You're absolutely right! The bcrypted hash effectively become a plaintext
password. This is obviously a problem. However, it also creates an interesting
opportunity...

SecureR could be designed so that every so often it rehashes a user's
plaintext password and creates a new bcrypt hash. This could happen every
month, every week, every N successful user log-ins, etc. Now, users hate
having to frequently change their passwords (and rightly so). However, with
this system, each user could keep the same plaintext password, and the system
could transparently generate a new bcrypt hash for it periodically. By cycling
through bcrypt hashes, attackers would have a narrower window in which to
steal a password table and use the stolen hashes. Maybe a 2nd-level hash could
be used (as discussed in my reply to Robin_Message), so that the 1st-level
hashes aren't completely exposed, and attackers need to not only steal a
database but also crack it (all within a short time frame).
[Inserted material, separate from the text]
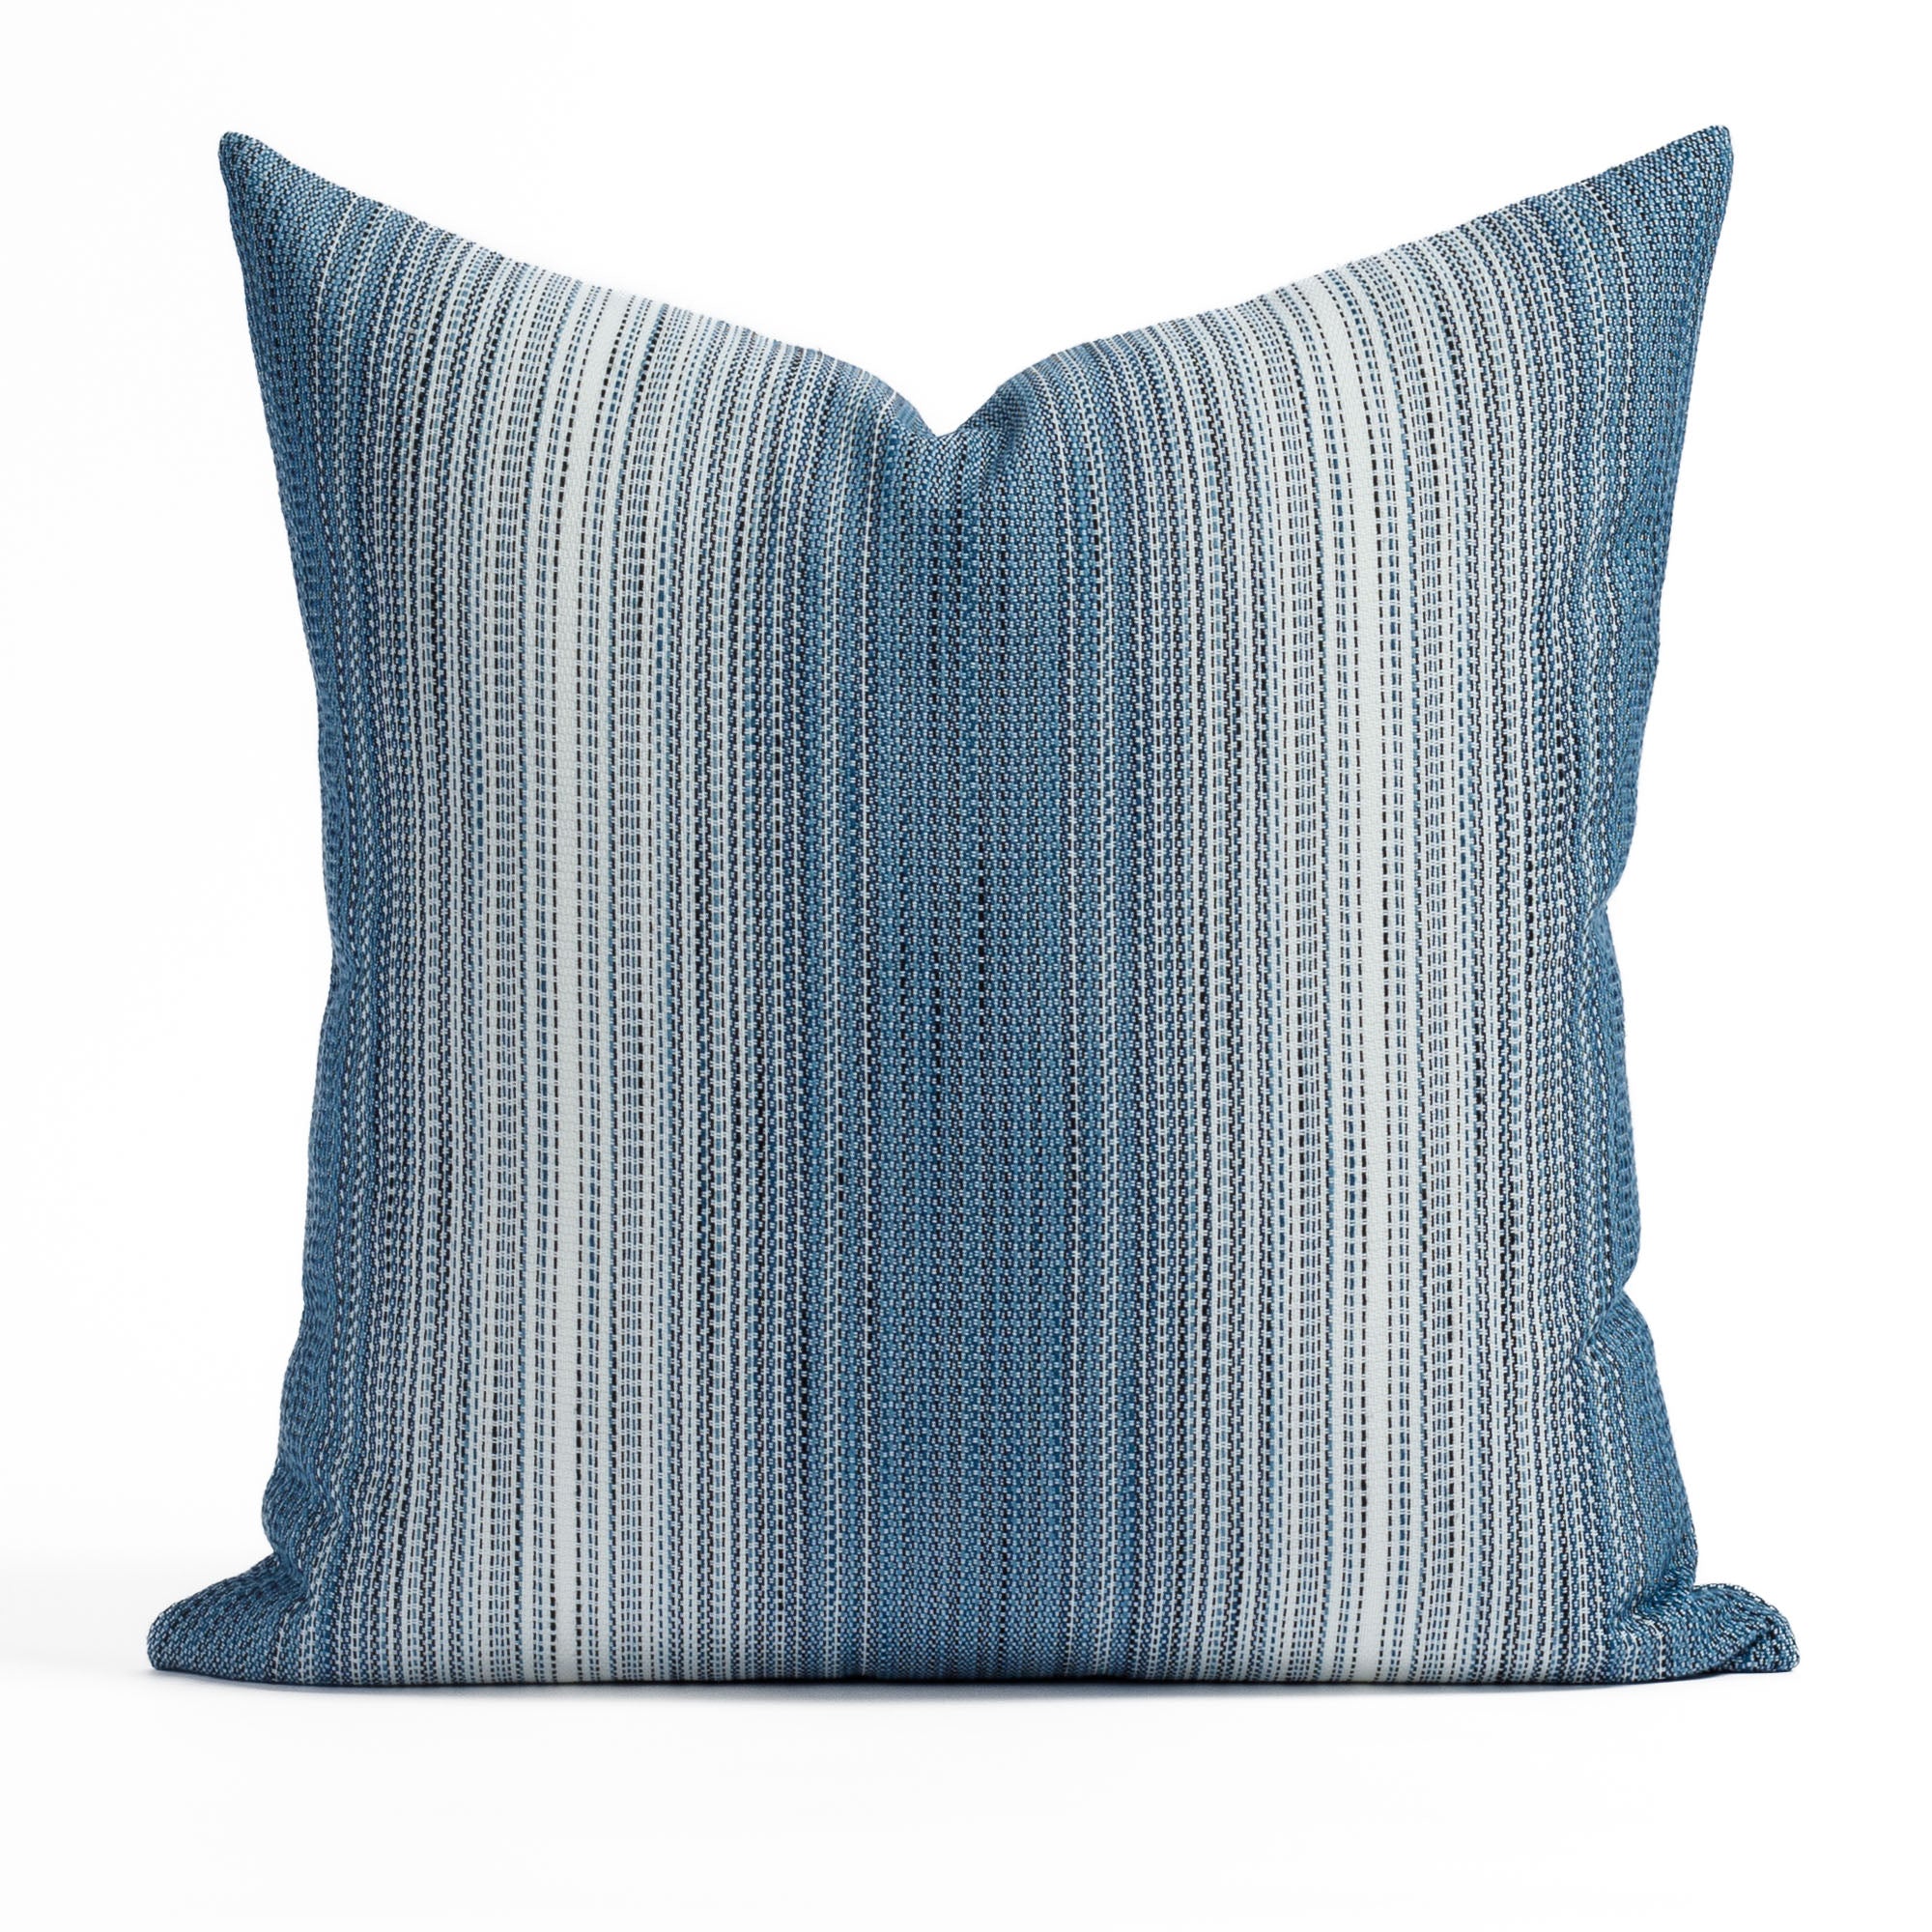 Mateo 20x20 pillow indigo, a blue and white striped outdoor Tonic Living pillow

Unfortunately, after this adjustment, bcrypt wouldn't be invoked only on
account-creation or password-resets. The bcrypt bill would be higher than in
my original proposal. However, at least bcrypt wouldn't be invoked every
single time a user logs in.

Maybe the cost of bcrypt can't be fully shifted from the log-in system to the
account-creation and password-reset systems. Maybe it needs to be paid
somewhere in between both areas, where you get as much secure encryption for
passwords and denial-of-service protection as possible. (Both goals seem to be
in conflict with each other.)

Ah, tradeoffs!